I did the Devon coast to coast this year, using the NCR 27, highly recommend this ride, cycling along the Tarka trail Drake's trail and Granite way,
Only 100 miles and i did it in a day on a hybrid bike.


----------



## Pale Rider (9 Dec 2016)

Plenty of railway paths in my part of the world in the North East.

A benefit of this patch is many are disused gravity fed mineral lines. which means there's some climbing and attendant interest in the surrounding countryside.

As mentioned earlier, standard British Rail gradient makes for easy going but can be too flat and can get boring after a few miles.

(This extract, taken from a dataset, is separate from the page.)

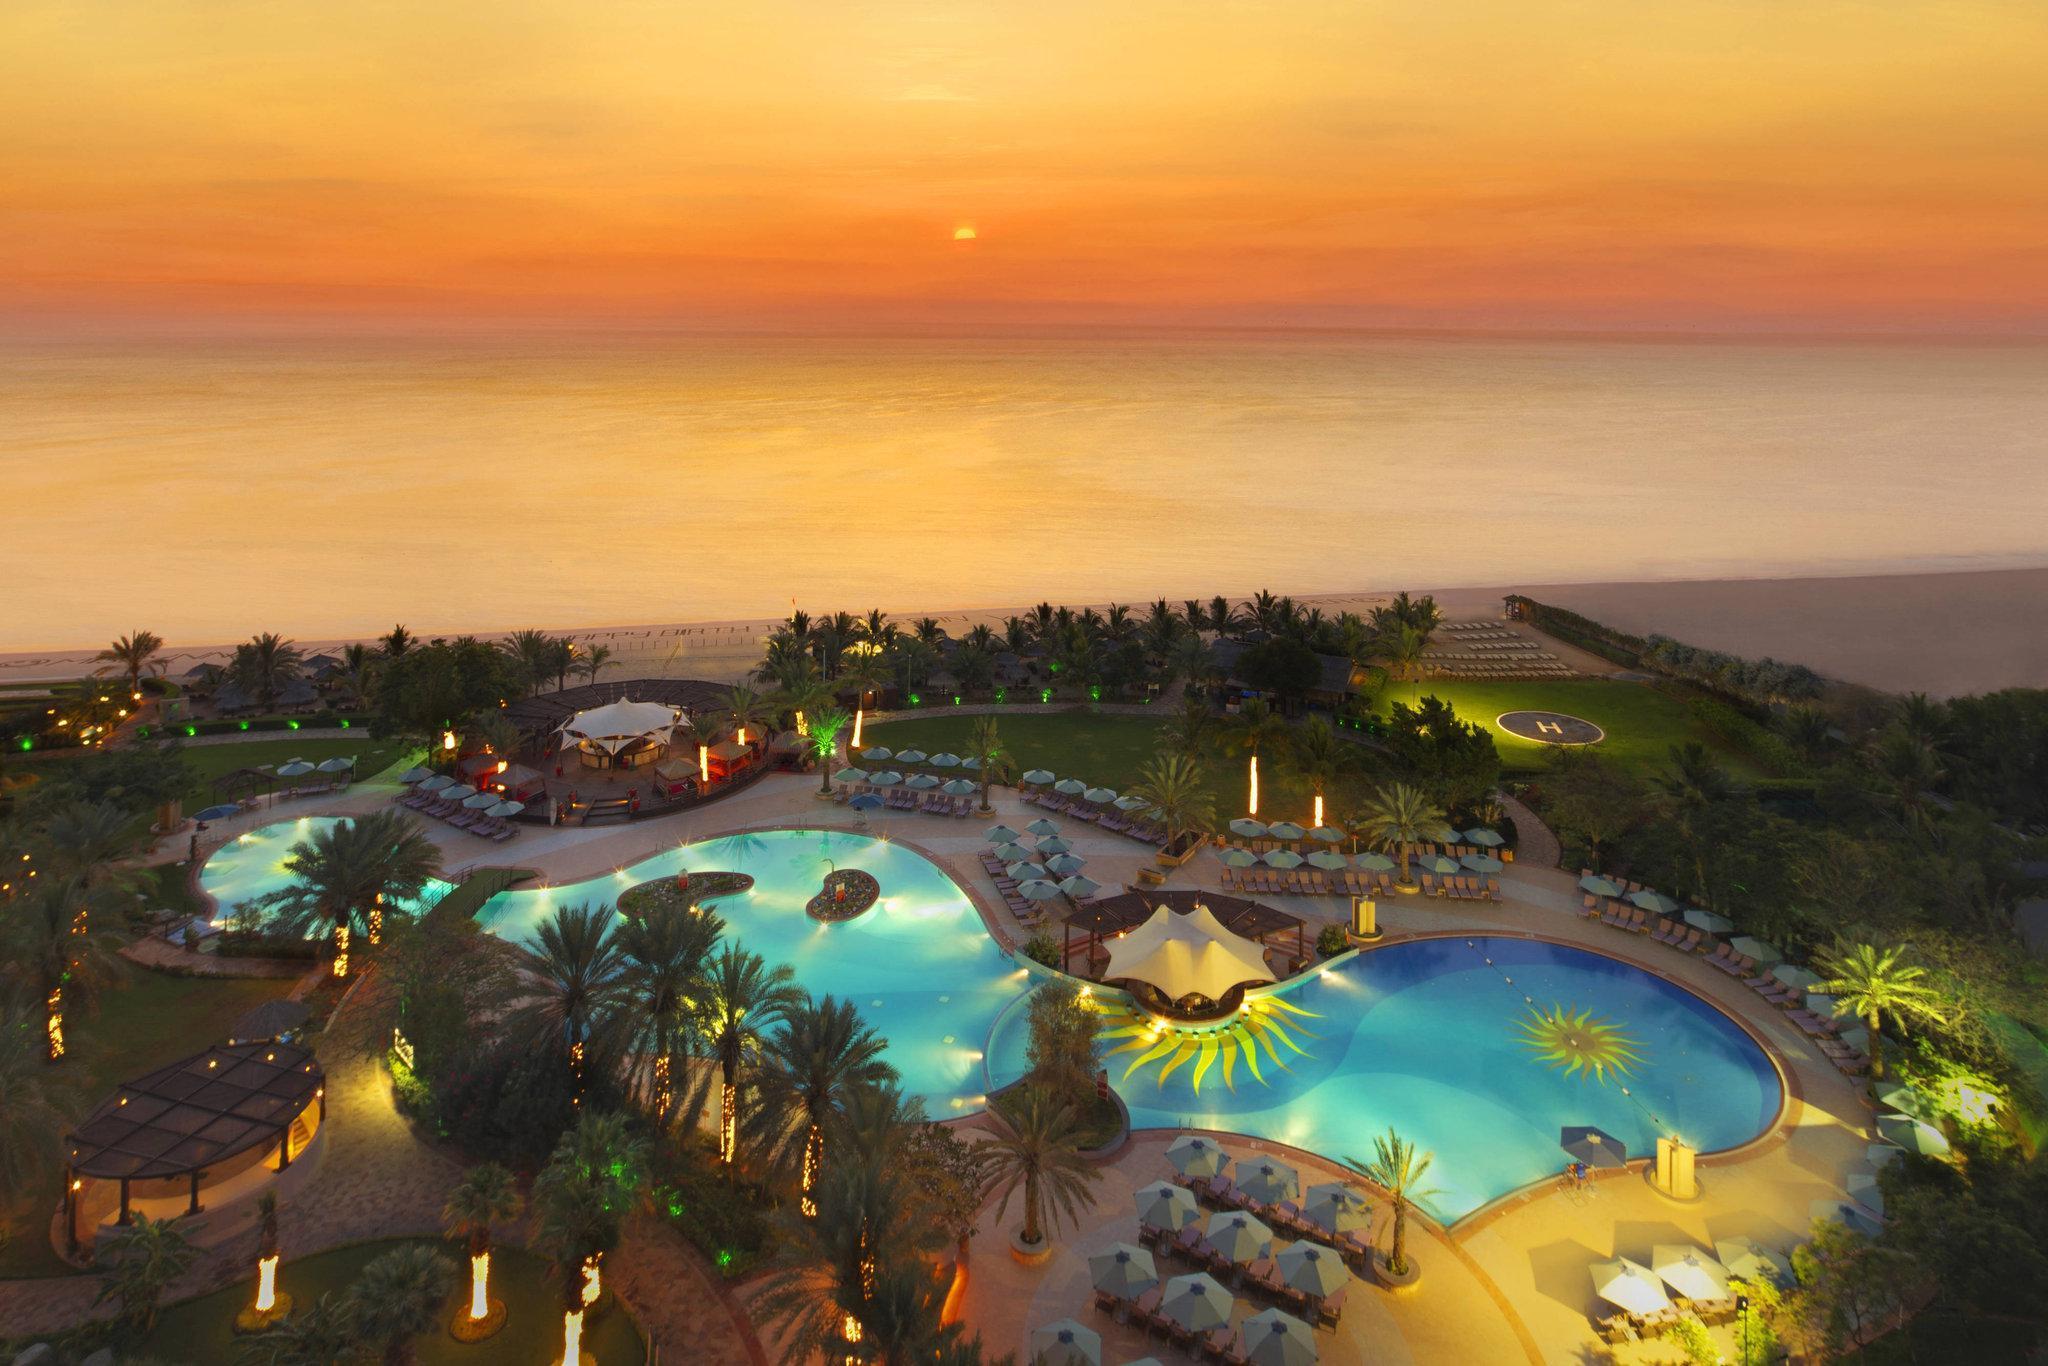 Le Mridien Al Aqah Beach Resort

Circuits take a bit of planning, railways were built to go in relatively straight lines from A to B.

My suggestion to Andy would be my Sunderland - Consett - Durham City - Sunderland triangular route.

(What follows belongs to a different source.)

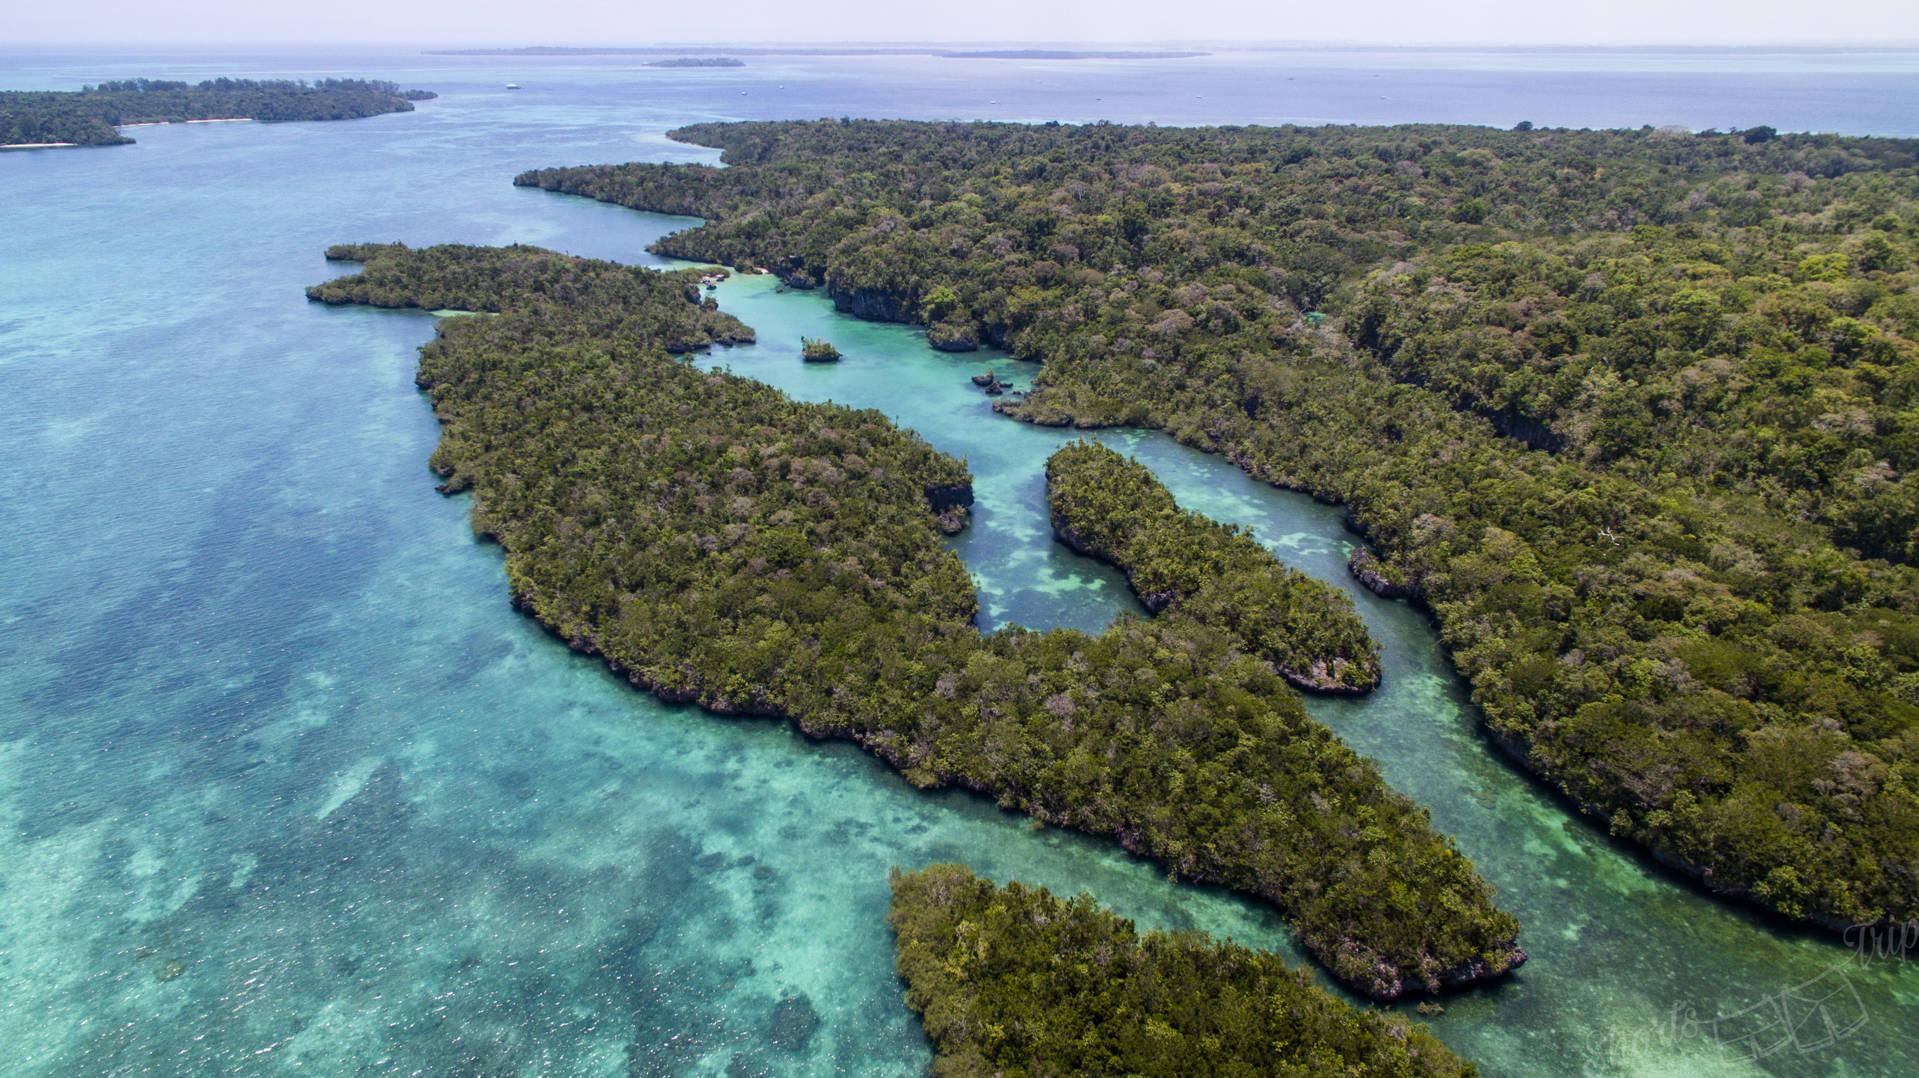 bair drone, kei islands, kei islands bair, kei bair, kei bair drone, kei islands drone

The first leg is on the C2C, nearly all off road.

Consett down to Durham along Lanchester Valley is also off road on decent paths.

Complications set in getting from Durham back to Sunderland, lots of junctions where the route isn't obvious makes it hard for strangers to navigate.

Andy is well able to read a map, although that's not the full answer because it won't tell you if a stretch of bridle path is all but asphalt, or if it's impassable on any bicycle.


----------



## PeteXXX (9 Dec 2016)

Here's a bit of vid of the Brampton Valley Way, Sustrans Cycle Route 6.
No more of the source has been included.